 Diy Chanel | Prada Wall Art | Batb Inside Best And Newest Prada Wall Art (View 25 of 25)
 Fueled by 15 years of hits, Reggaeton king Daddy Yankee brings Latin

--------------------------------------------------

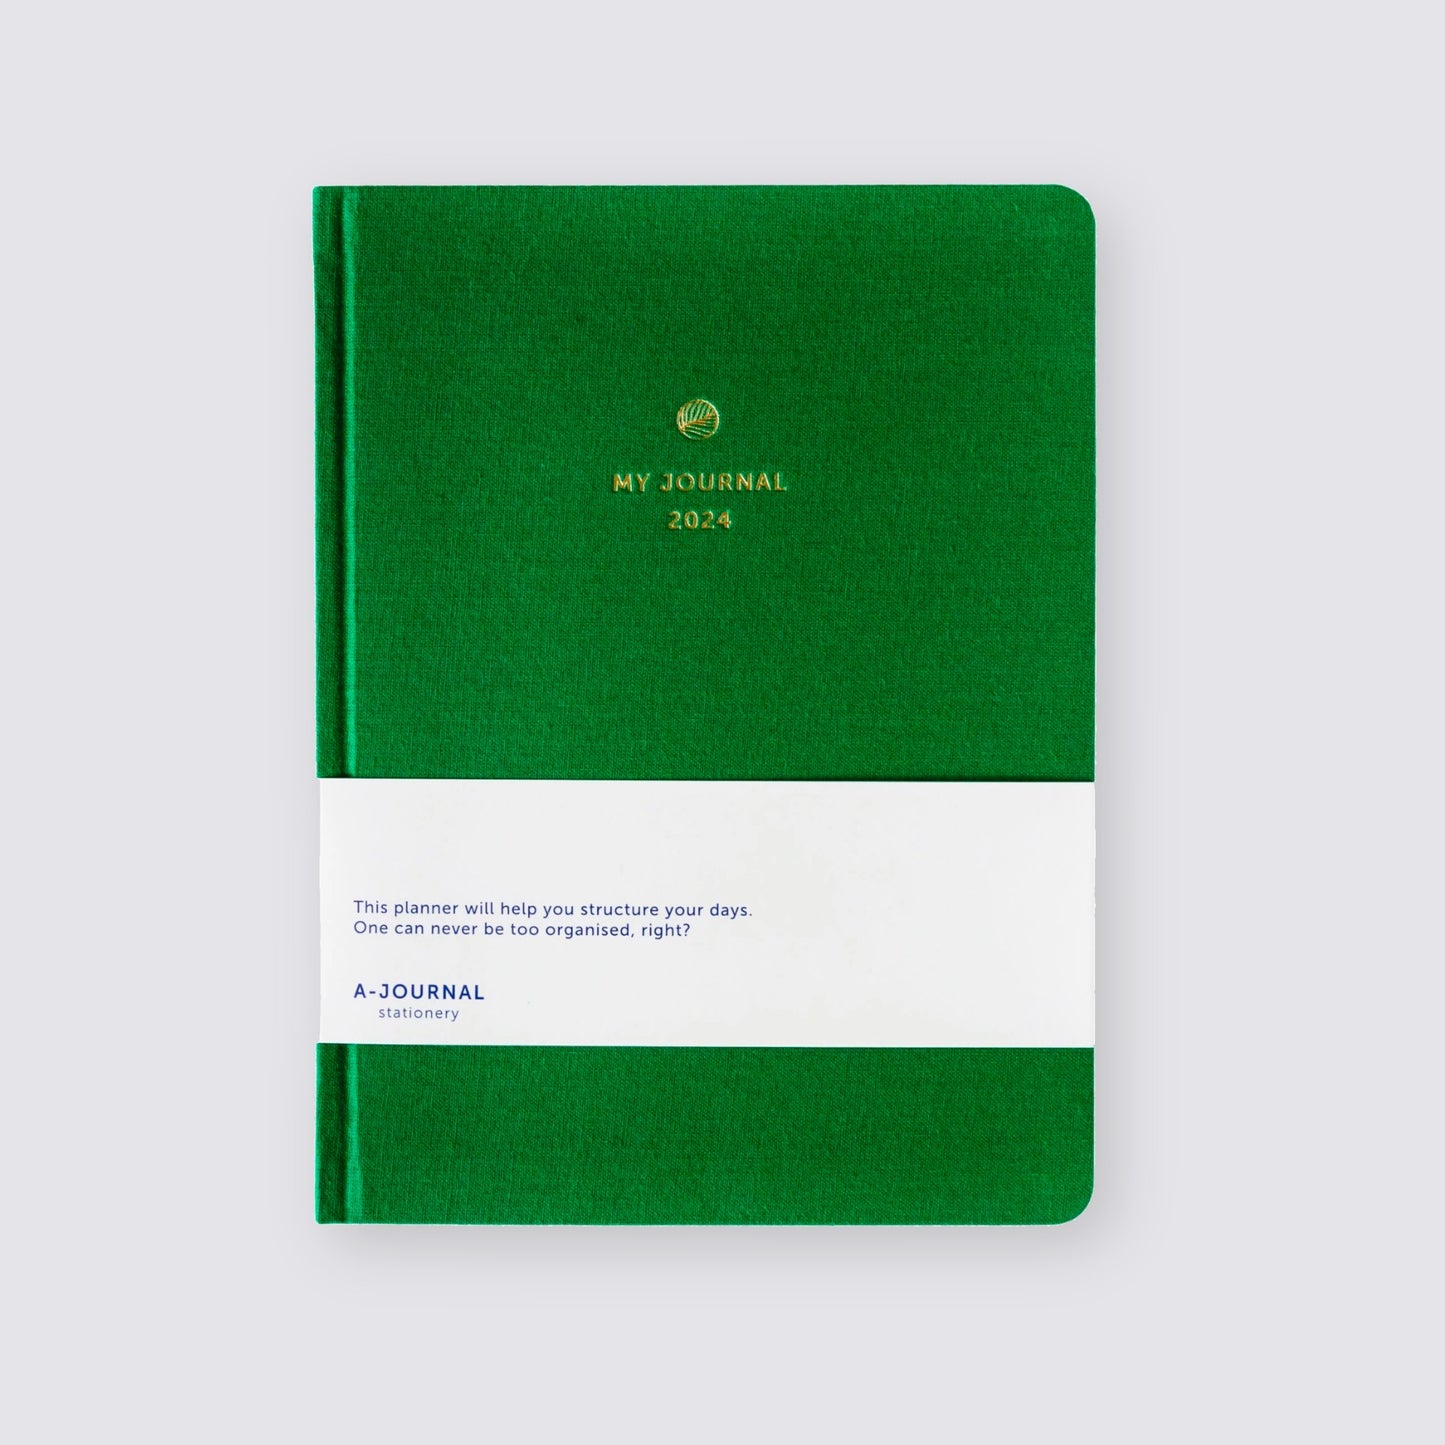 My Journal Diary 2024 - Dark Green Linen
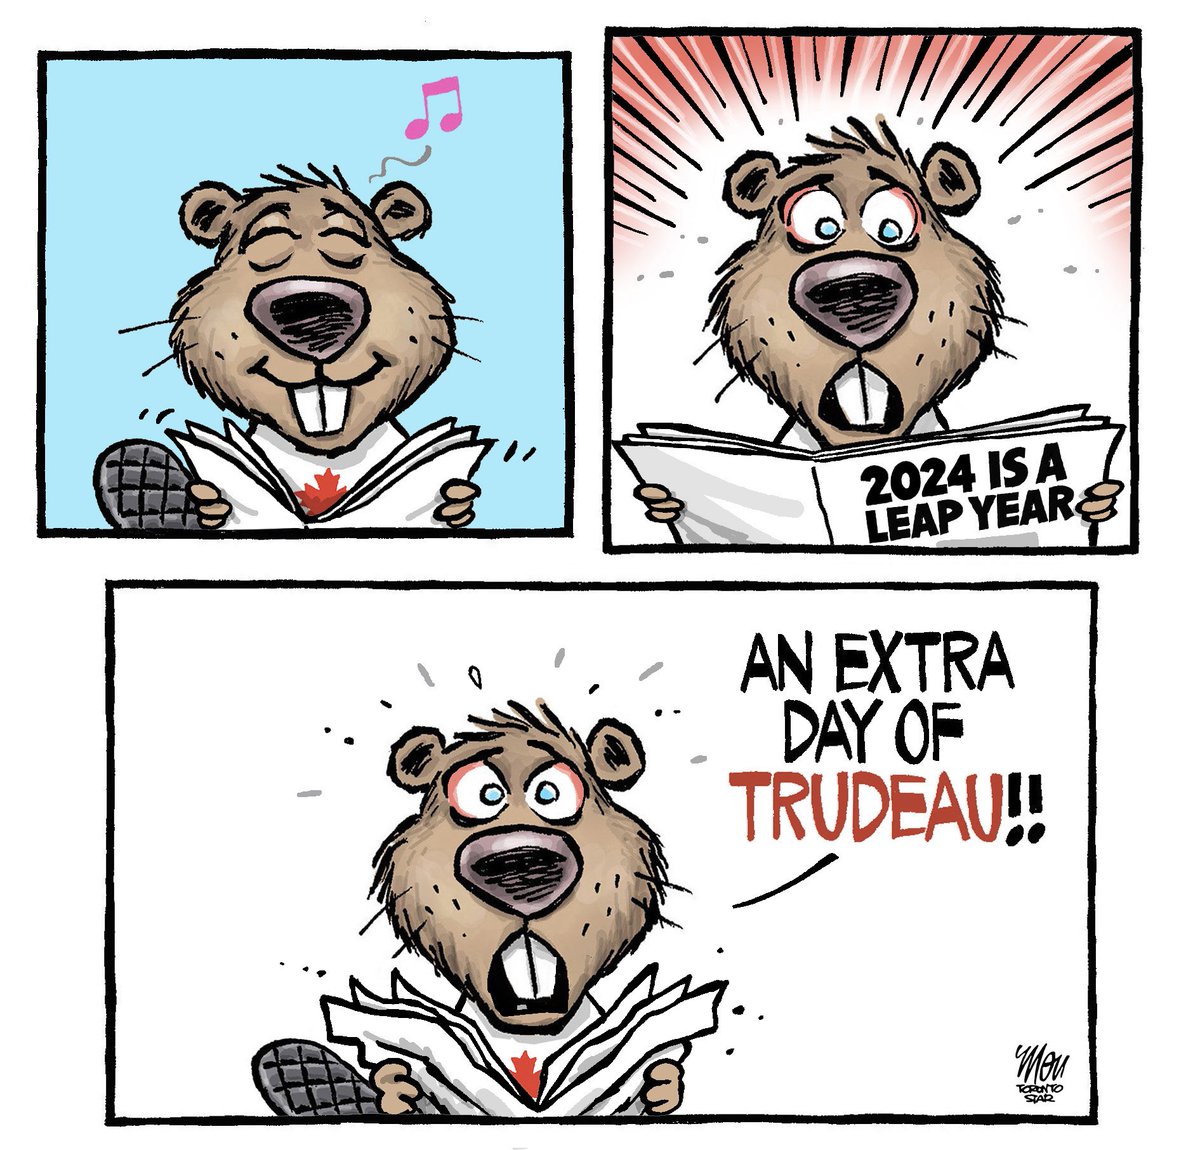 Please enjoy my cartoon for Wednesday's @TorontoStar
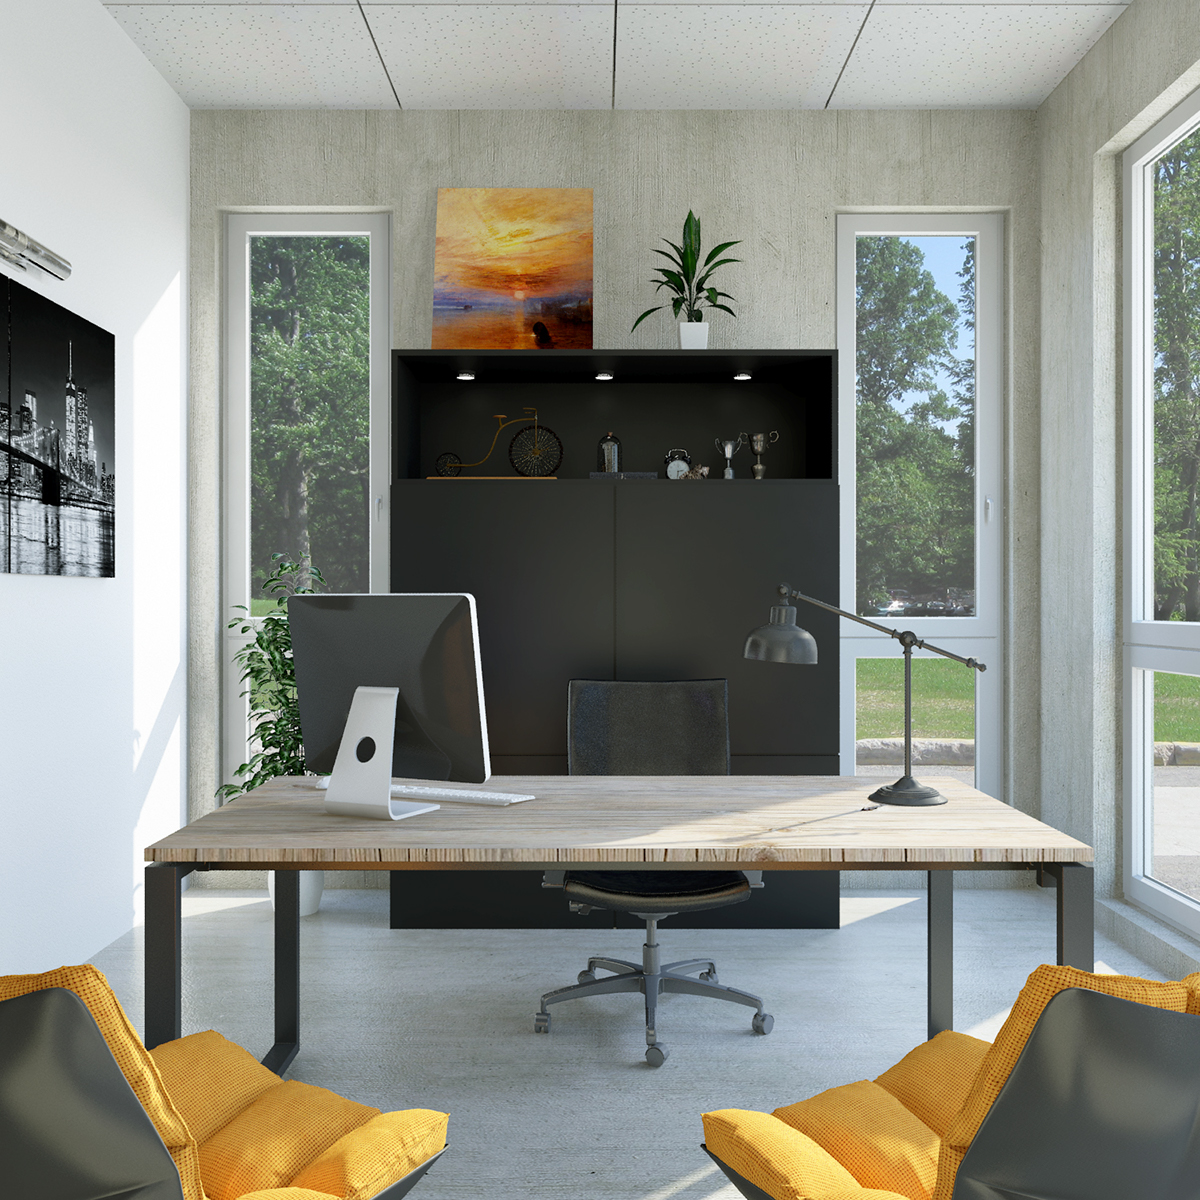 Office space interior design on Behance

--------------------------------------------------

__PROBLEM DESCRIPTION__:
Copy out, word for word, the part of the entries above that begins at the line with "Diy Chanel |" and ends at the line with "Fueled by 15", including both.

__RESPONSE__:
 Diy Chanel | Prada Wall Art | Batb Inside Best And Newest Prada Wall Art (View 25 of 25)
 Fueled by 15 years of hits, Reggaeton king Daddy Yankee brings Latin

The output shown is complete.